─── RECORDED INFORMATION
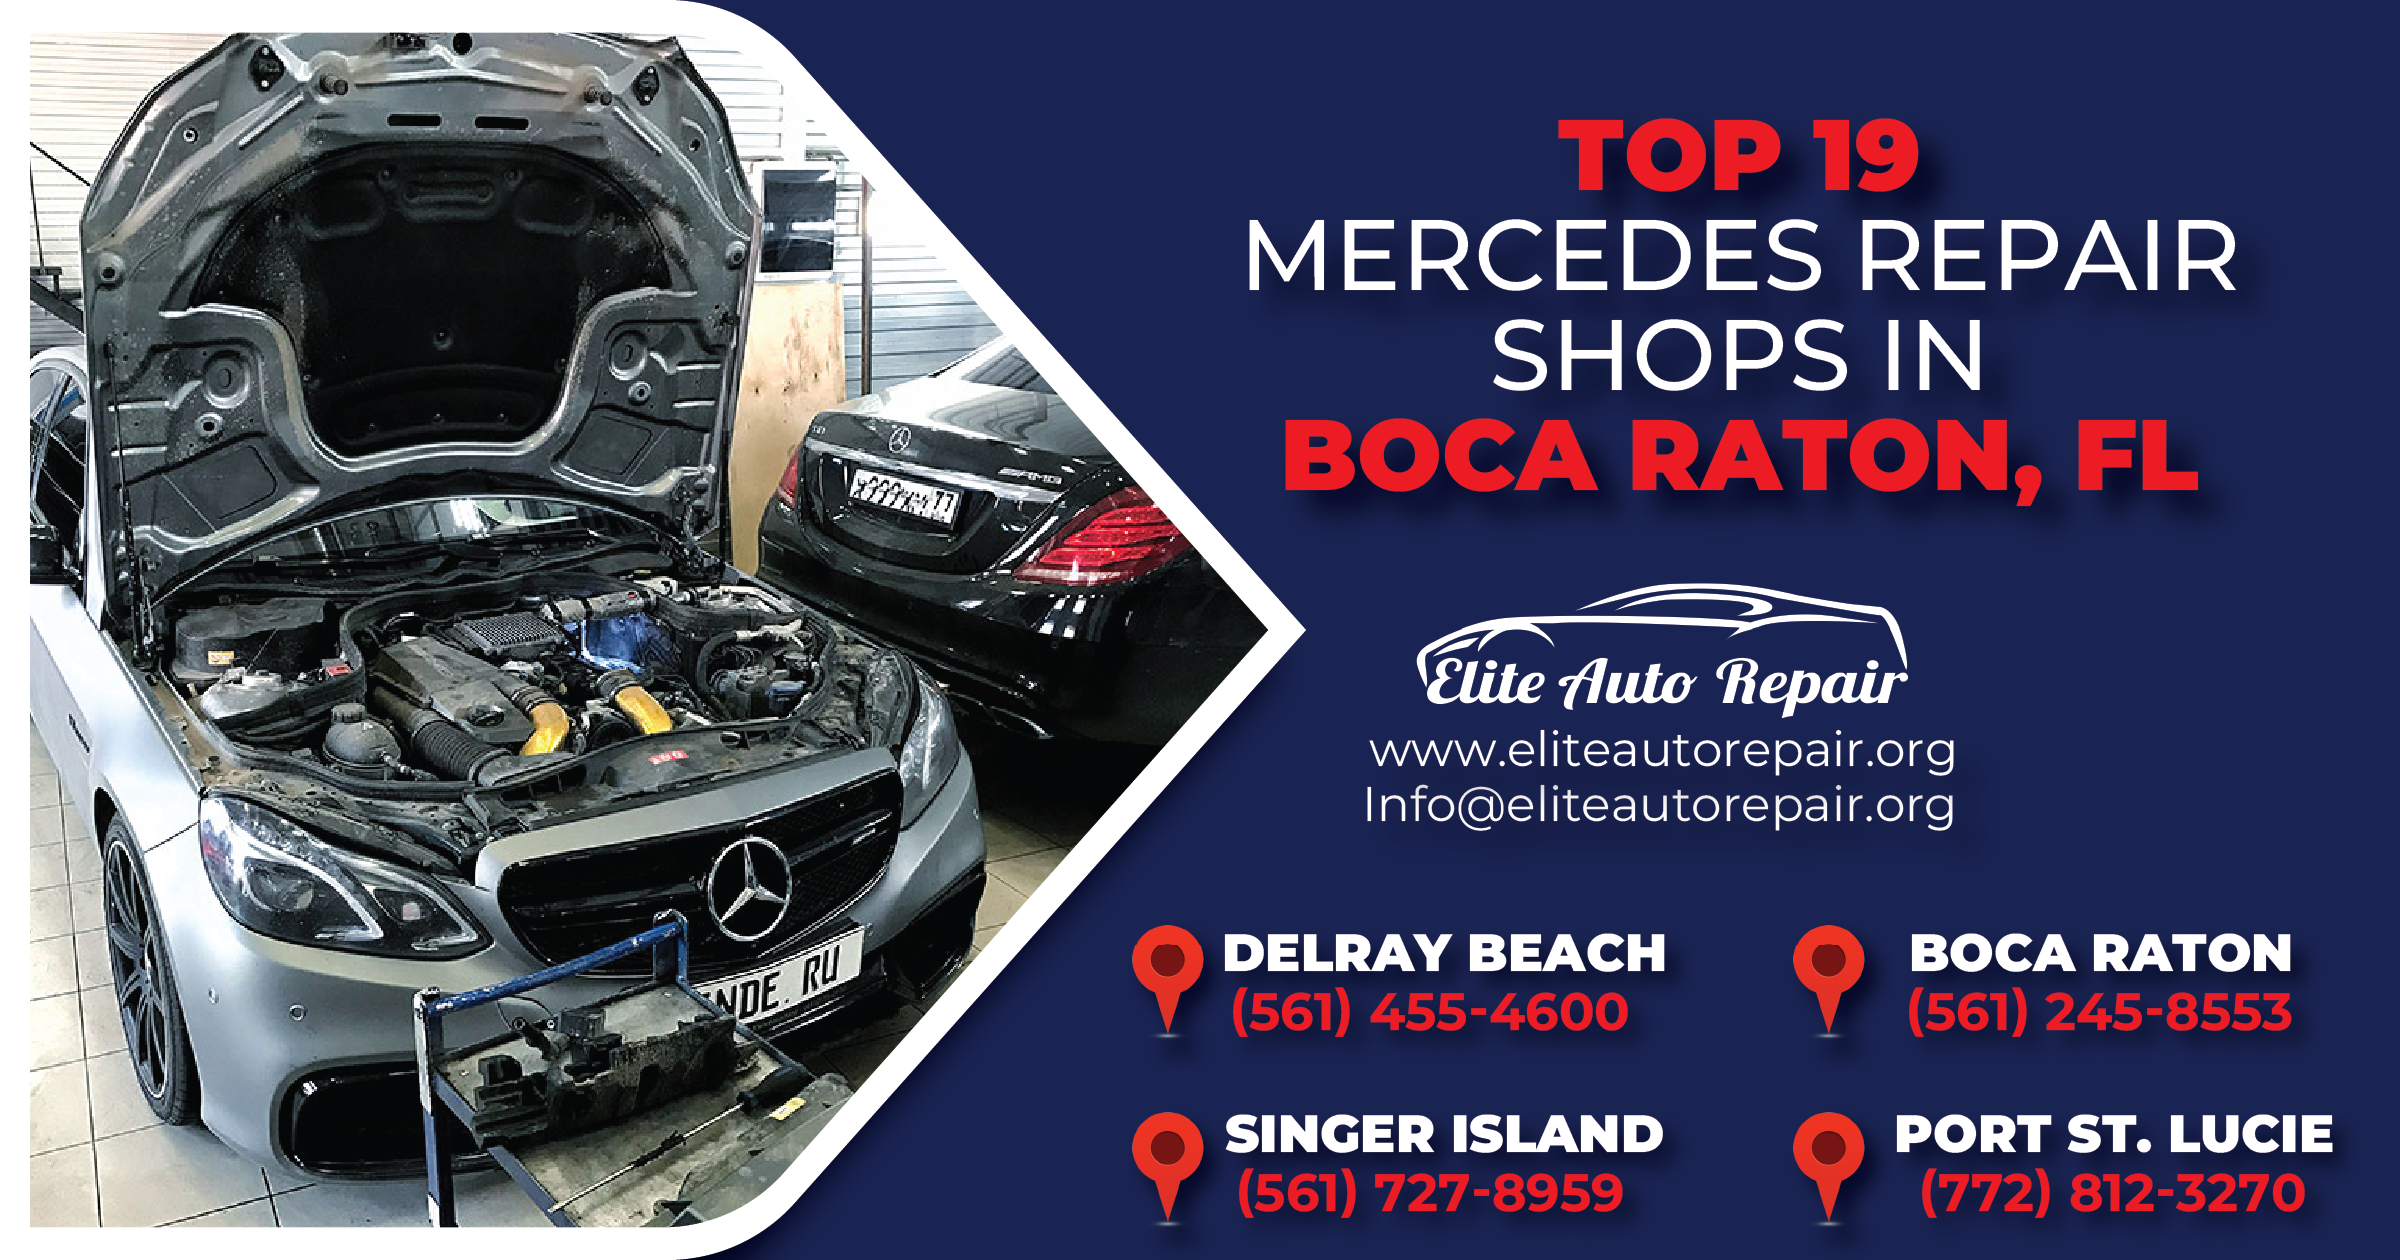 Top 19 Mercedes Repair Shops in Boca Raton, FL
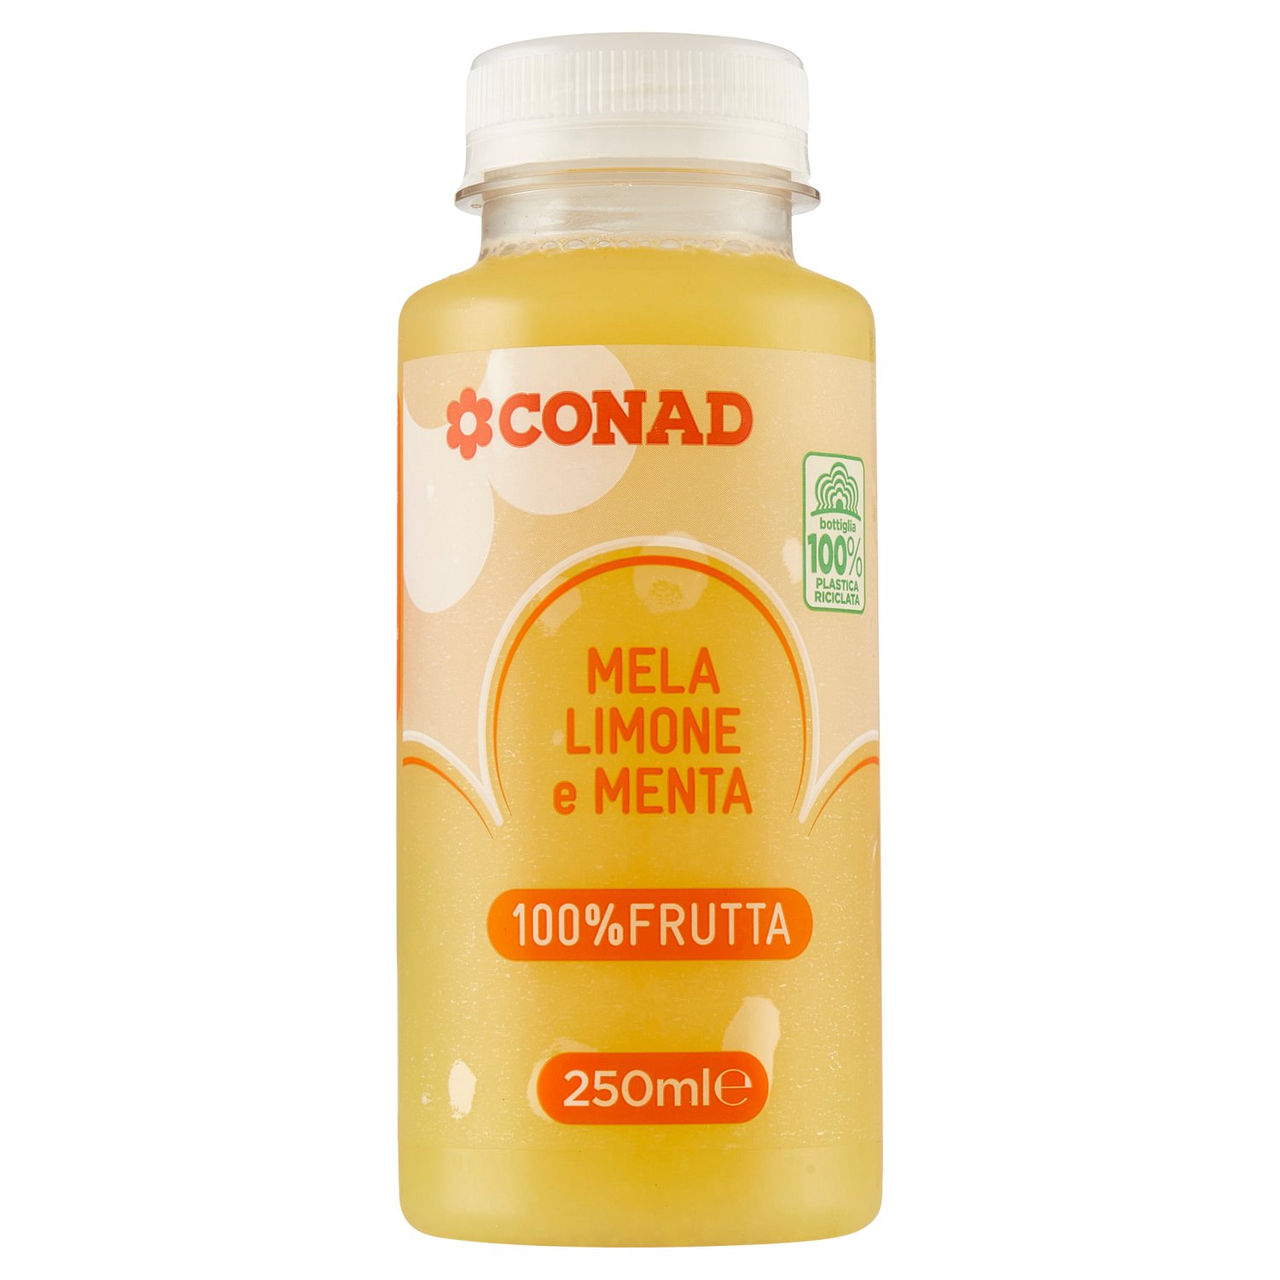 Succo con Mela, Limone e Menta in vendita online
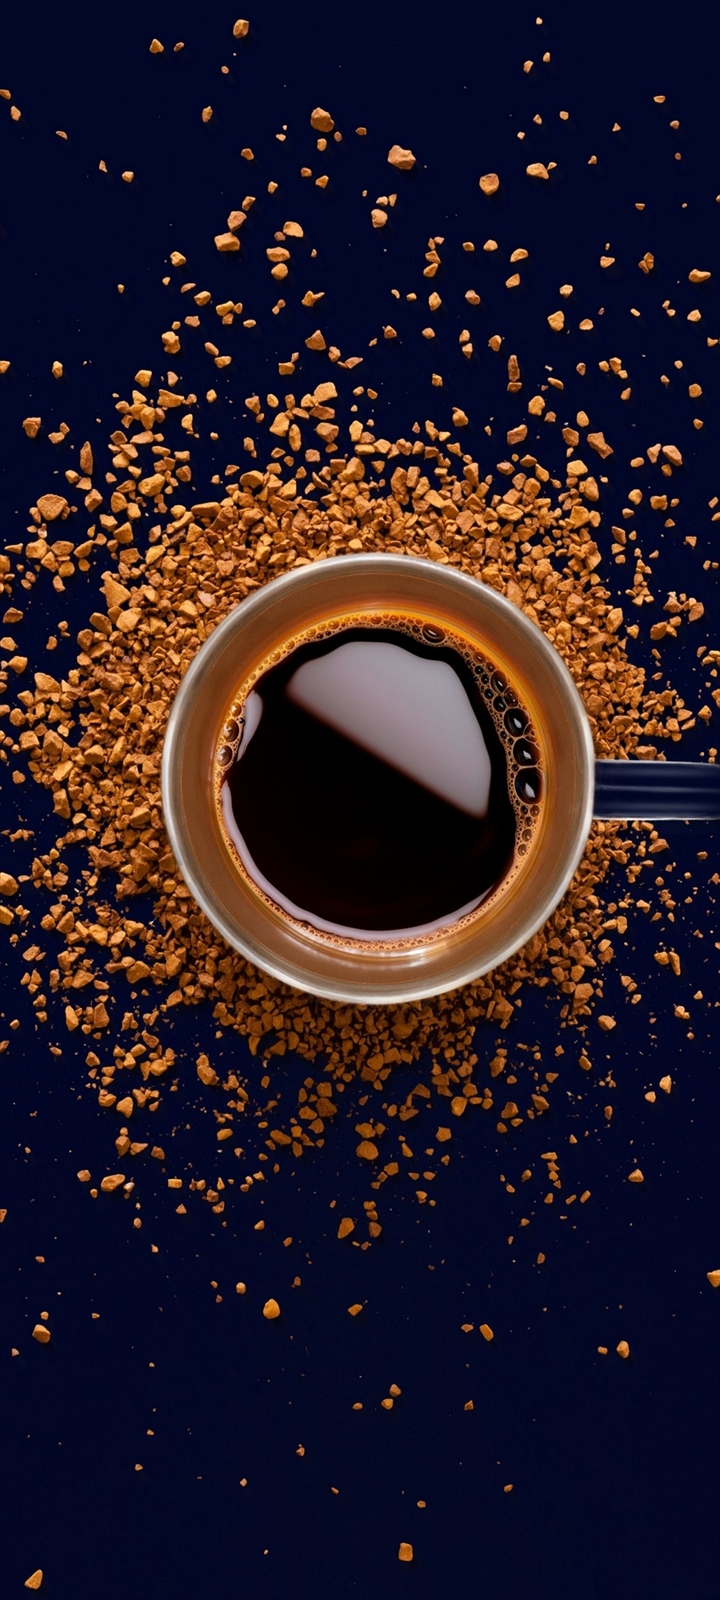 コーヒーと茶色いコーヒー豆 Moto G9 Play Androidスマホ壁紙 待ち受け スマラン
──────
### TASK OBJECTIVE
Print the listing exactly, minus any pictures.

### RESULT OF THIS EXERCISE
 Top 19 Mercedes Repair Shops in Boca Raton, FL
 Succo con Mela, Limone e Menta in vendita online
 コーヒーと茶色いコーヒー豆 Moto G9 Play Androidスマホ壁紙 待ち受け スマラン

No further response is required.